ECLI:NL:RVS:2003:AF9819

Raad van State

Datum uitspraak
11 juni 2003
Publicatiedatum
4 april 2013
Zaaknummer
200202175/1
Instantie
Raad van State
Type
Uitspraak
Rechtsgebied
Bestuursrecht
Procedures
  • Eerste aanleg - meervoudig
Rechters
  • M. Oosting
  • E.M.H. Hirsch Ballin
  • H. Borstlap
Vindplaatsen
  • Rechtspraak.nl
AI samenvatting door LexboostAutomatisch gegenereerd

Beroep tegen besluit van de provincie Utrecht inzake milieuvergunning voor edelmetalen recycling

In deze zaak heeft appellante, een onderneming gevestigd te [plaats], beroep ingesteld tegen een besluit van het college van gedeputeerde staten van Utrecht, waarbij een revisievergunning is verleend op basis van de Wet milieubeheer voor een inrichting voor de handel, import, export, herwinning van edelmetalen en recycling. Het besluit, dat op 26 februari 2002 is genomen, is ter inzage gelegd op 8 maart 2002. Appellante heeft haar beroep op 17 april 2002 ingediend, met aanvullende gronden op 9 juli 2002. Tijdens de zitting op 6 maart 2003 zijn beide partijen vertegenwoordigd. De Afdeling bestuursrechtspraak van de Raad van State heeft de zaak behandeld en verschillende beroepsgronden van appellante overwogen.

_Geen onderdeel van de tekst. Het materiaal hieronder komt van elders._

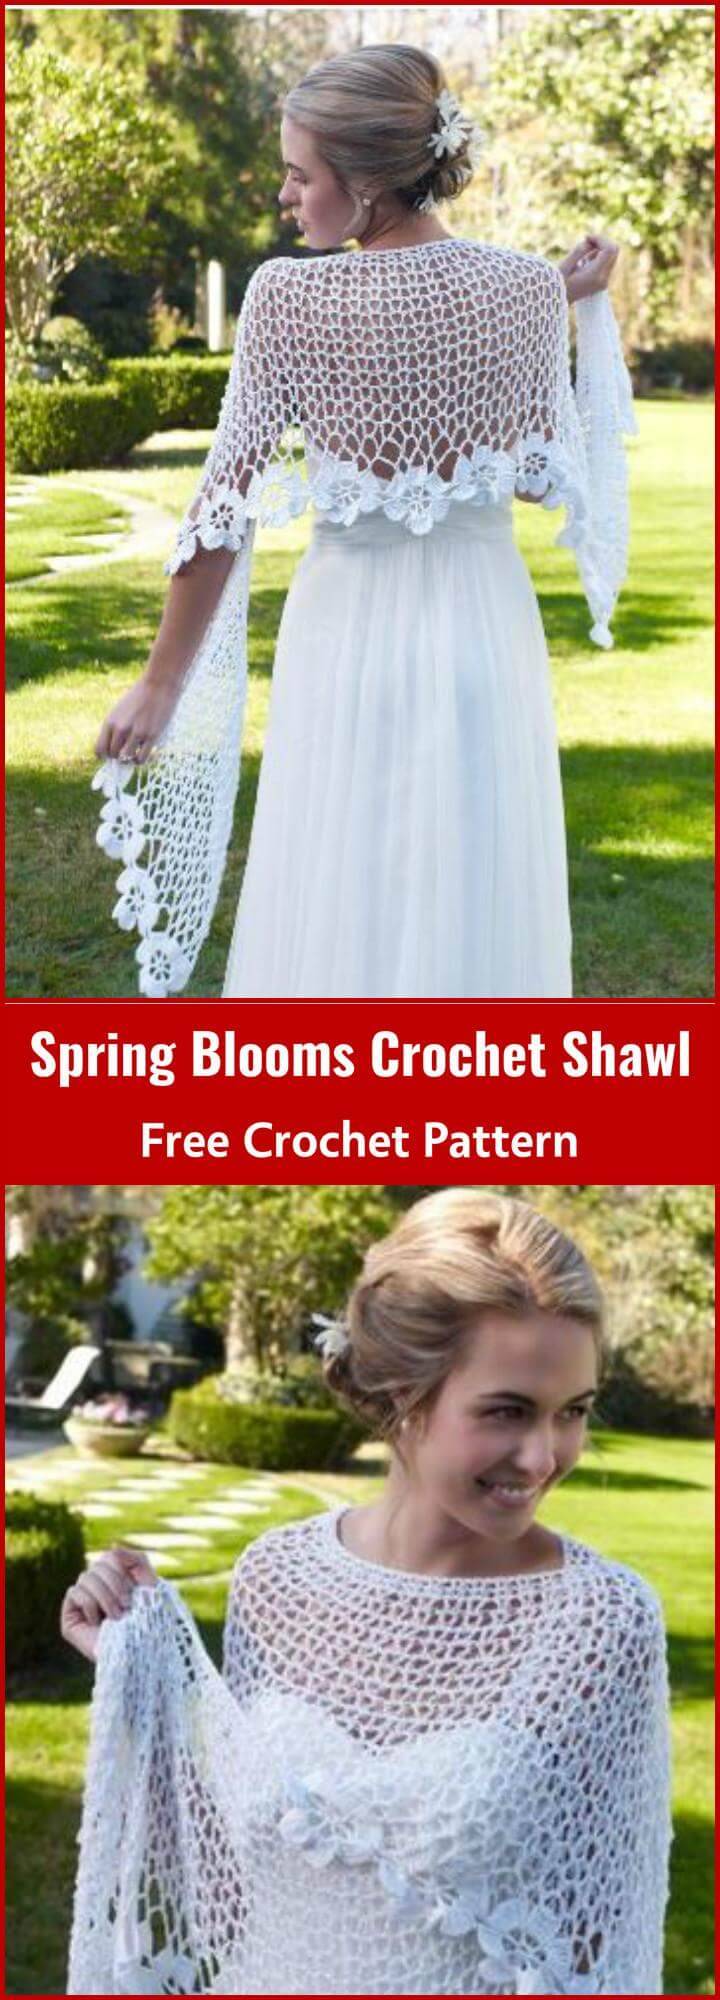 Spring Blooms Crochet Shawl Free Crochet Pattern
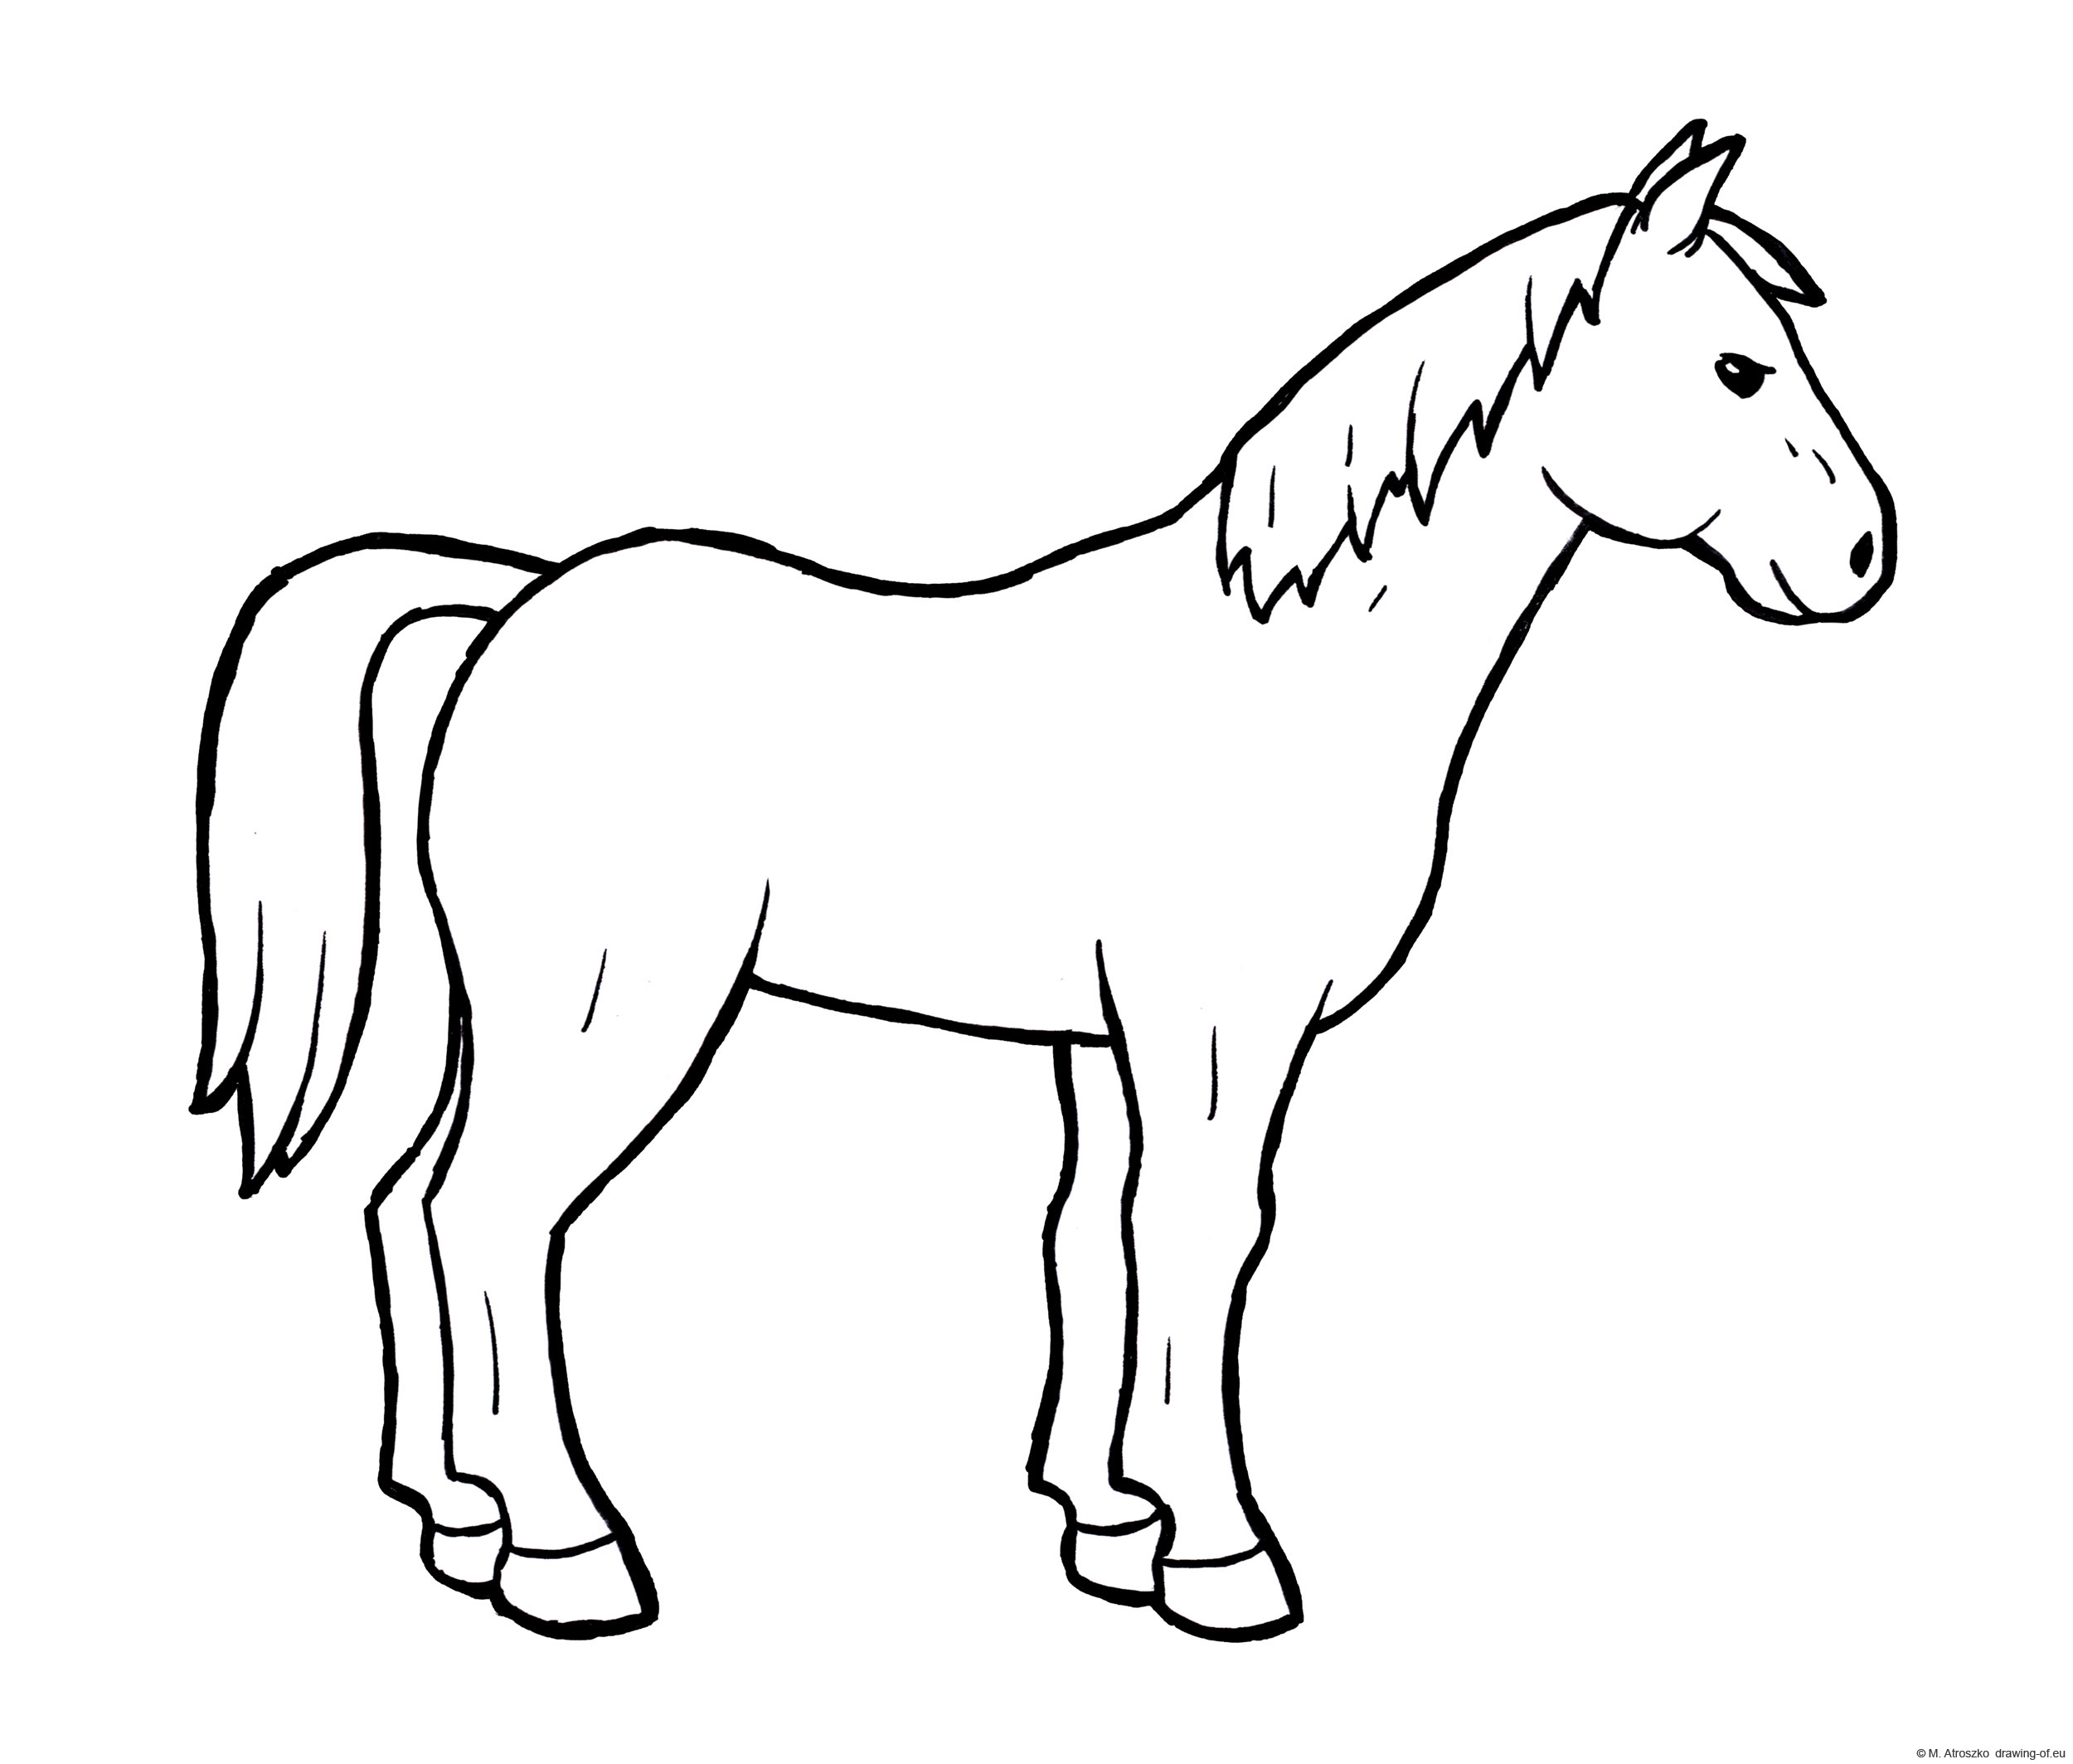 horse simple

De Afdeling heeft vastgesteld dat appellante het beroep heeft ingetrokken met betrekking tot bepaalde registratieverplichtingen en dat verweerder een zekere beoordelingsvrijheid heeft bij het verbinden van voorschriften aan de vergunning. De Afdeling heeft echter geoordeeld dat het bestreden besluit op verschillende punten in strijd is met de zorgvuldigheidseisen. Zo is het voorschrift dat appellante verplicht om eens in de drie jaar een milieuverslag op te stellen onvoldoende duidelijk geformuleerd, wat leidt tot vernietiging van dat onderdeel van de vergunning. Ook is er onvoldoende gemotiveerd waarom bepaalde brandwerendheidseisen noodzakelijk zijn, wat eveneens tot vernietiging leidt.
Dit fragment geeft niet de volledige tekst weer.